民主党の岡田克也代表は、きのう、平成27年2015年10月29日(木)の党本部ホール内での記者会見で、自民党(総裁=安倍首相)の経済政策「アベノミクス」の対案を問われ、
「民主党の経済政策は「個人の所得を増やす」、これが目的である」
と語り、来年、7月10日・17日・24日投開票の第24回参議院議員通常選挙のマニフェストに盛り込むことを示しました。
岡田さんは、
「個人の所得を増やすに当たっては、全体のパイを大きくするということもあるし、あるいは企業が利益を得た時にその労働分配率を高めるやり方もあるし、あるいは個人の所得の中で所得税その他の税制で、高所得を得ている人の所得を再分配するということもある。あるいは、ひとり親家庭のような貧困層といったところについて所得の底上げをすることもある」
と語りました。
このうち、(1)ひとり親世帯など貧困層の底支え、(2)労働分配率の向上ーー
(1)ひとり親世帯など貧困層の底支えの具体的メニューは「子ども手当」の復活がダントツ。これに生活保護、年金の持続可能性を訴えることになると見られます。
一方、(2)労働分配率の向上については、いままでの民主党マニフェストには具体的なメニューは盛り込まれていません。
企業の利益の積み上げの一つである、内部留保に関して、枝野幸男さん(民主党幹事長)はリーマンショック前から何らかの課税などを主張してきましたが、岡田さんが労働分配率を高める考えを明示したのは、初めてだと思われます。この「内部留保の掃き出し」という論点で語られる、労働分配率の是正について、岡田さんは1年間の収支であるフローにおいて、人件費を拡大する方向性を明示しました。
労働分配率の向上をめぐる政策設計が急務となりました。作業は、法人税・所得税の税率、労働法制の見直し、給付つき税額控除などが論点になると考えられますが、労働分配率について目玉となる政策メニューの具体化は時間がかかりそうです。
記者会見に先立ち、岡田代表は、細野豪志政調会長と会談し、「国会閉会中もNC(エヌシー、次の内閣)をもっと開いてほしい」と要望し、来年の通常国会前に、政策づくりを進めるよう求めました。
「やはり中身をこの11月、12月でしっかりと詰めることは大事なことだと私は思っています。

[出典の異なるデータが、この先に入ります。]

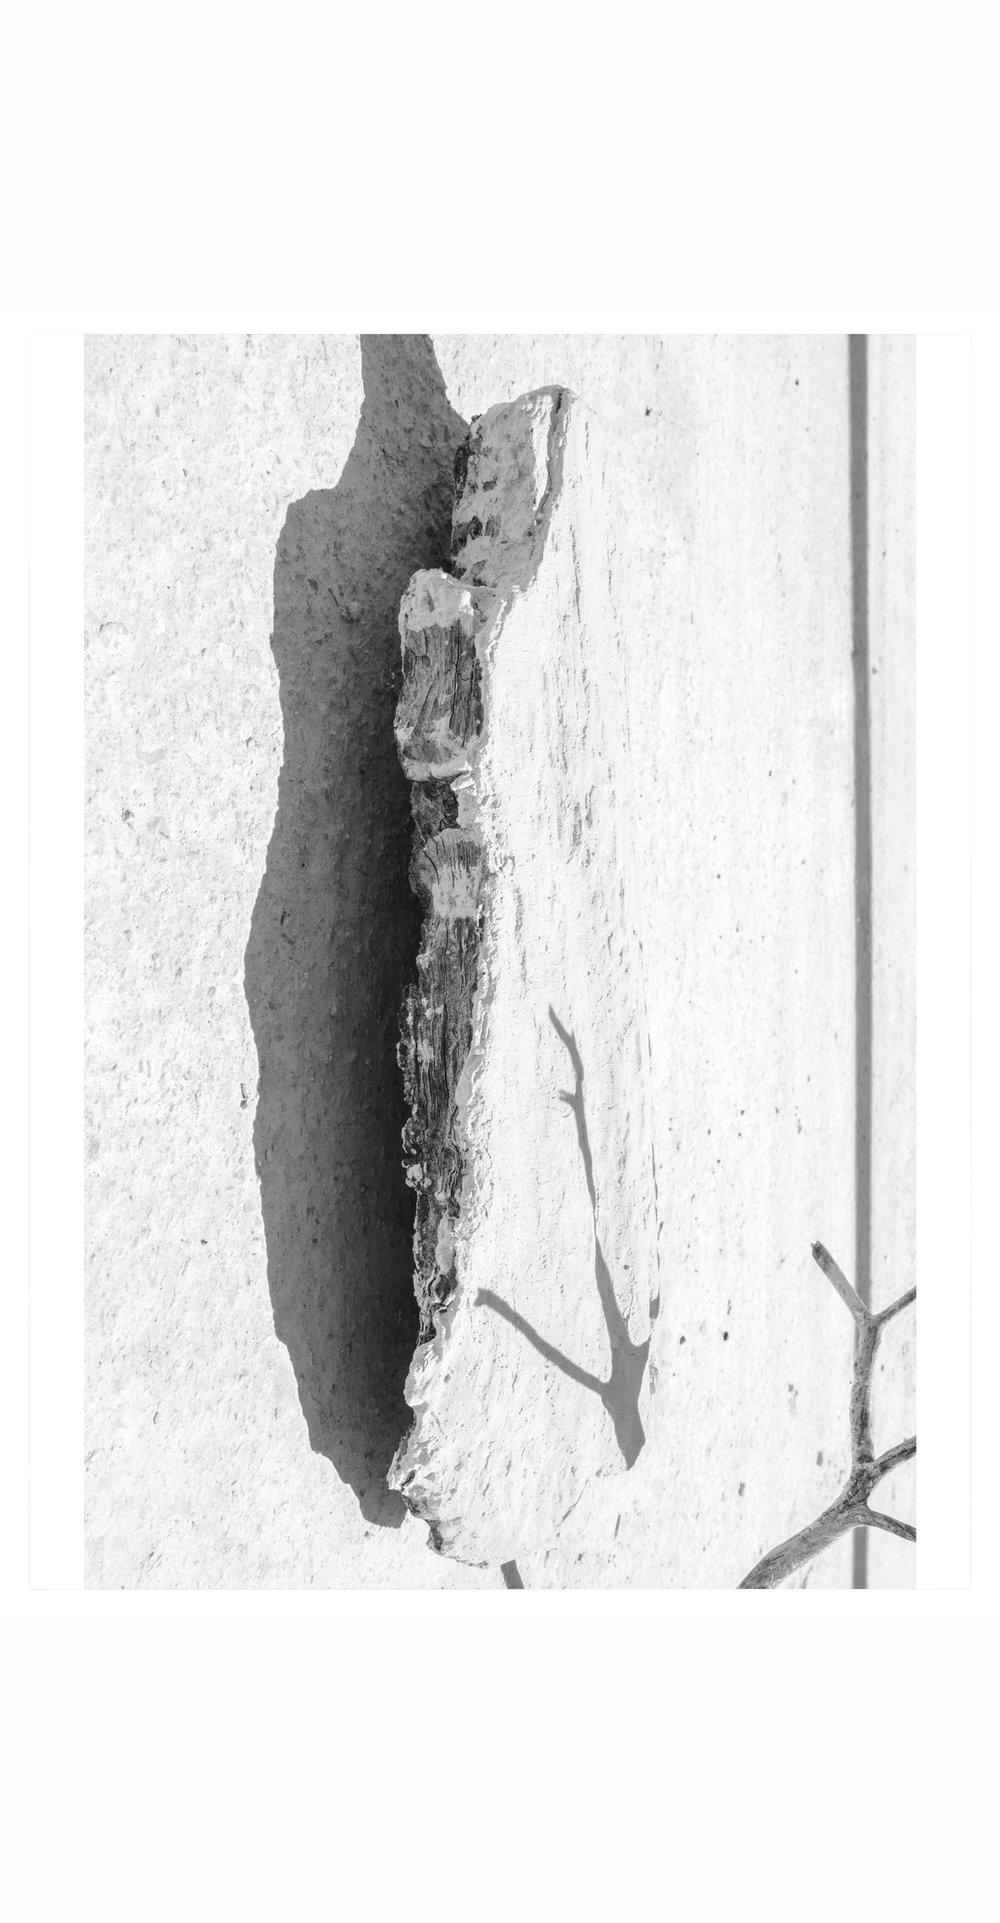 erosion4.jpg
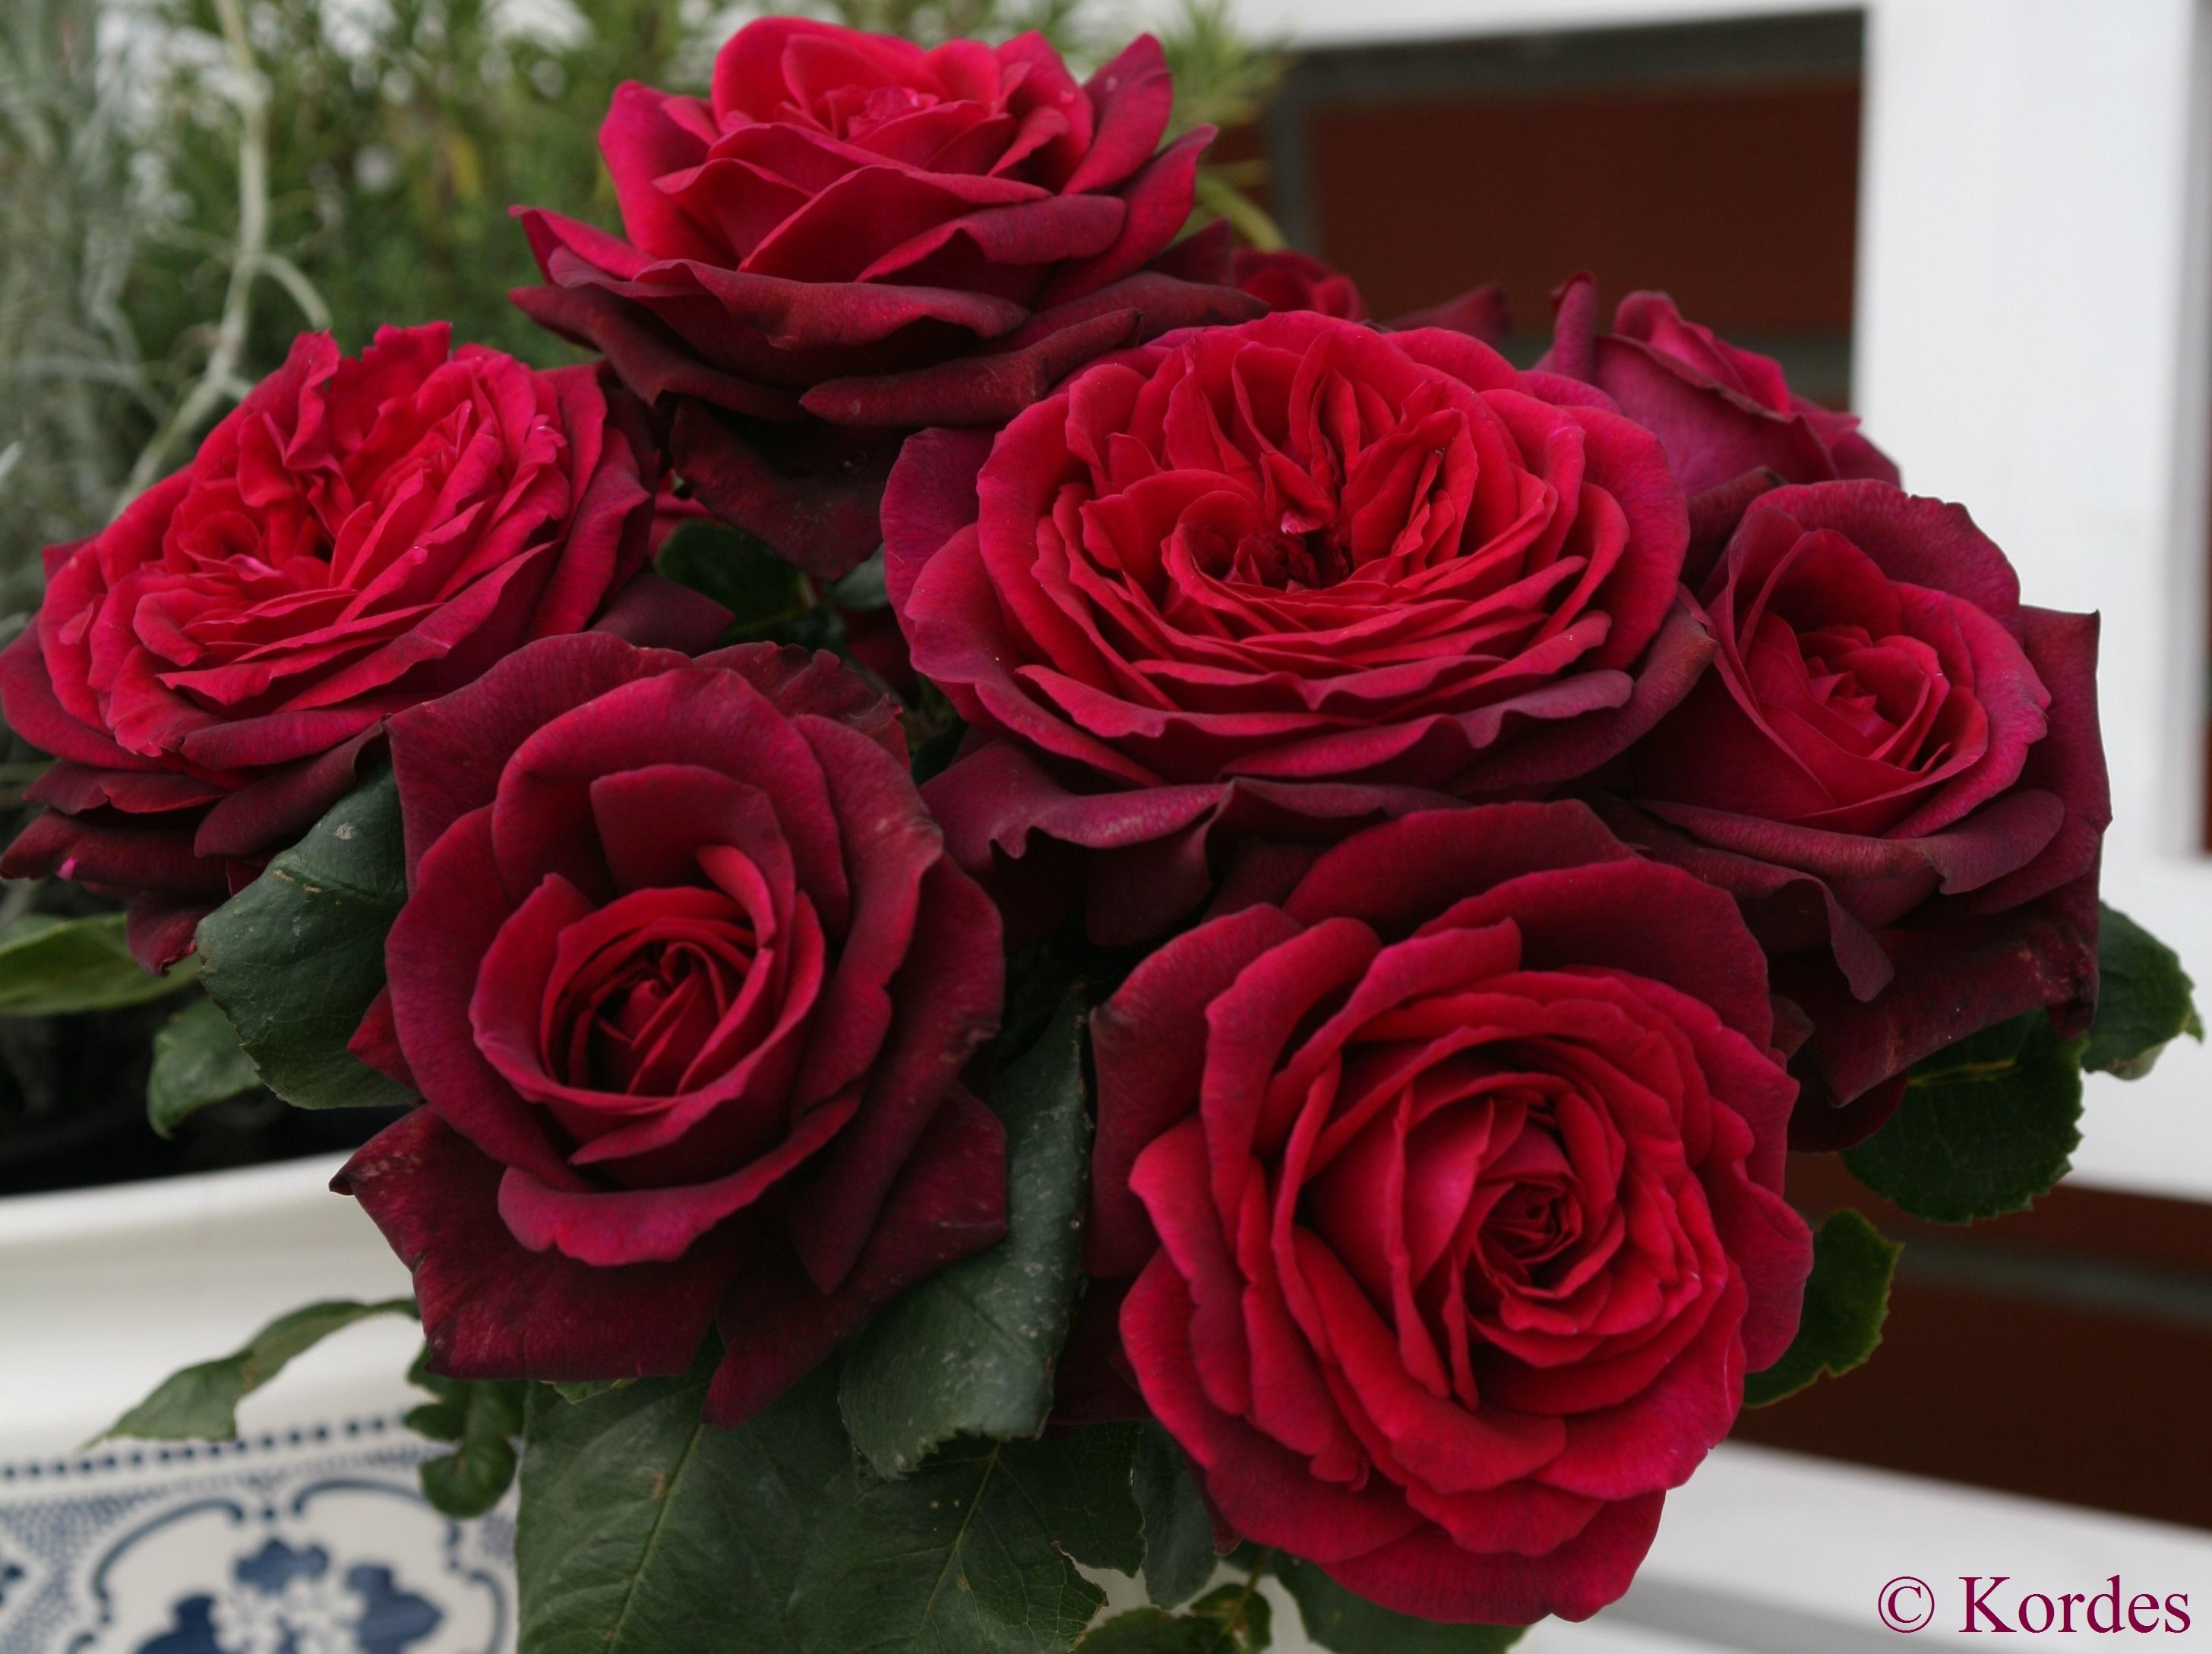 HQ Rose Wallpapers | File 1004.8Kb

それがマニフェストにもつながってくるということだと思います。
先ほどの経済政策で私は「個人の所得を増やす」ということを言っておりますが、これも党の中でもよく議論してもらいたいと思っていますし、安倍政権との違いがはっきりするような政策を、経済政策はその最たるものだと思いますが、しっかり打ち出していくことが重要だと思います」
と語りました。
アベノミクスについては、岡田さんは「安倍さんは、全体のパイを大きくすることが目的です。そこが決定的な違いです」と語り、先月発表した「GDP600兆円目標」に代表されるアベノミクスを批判しました。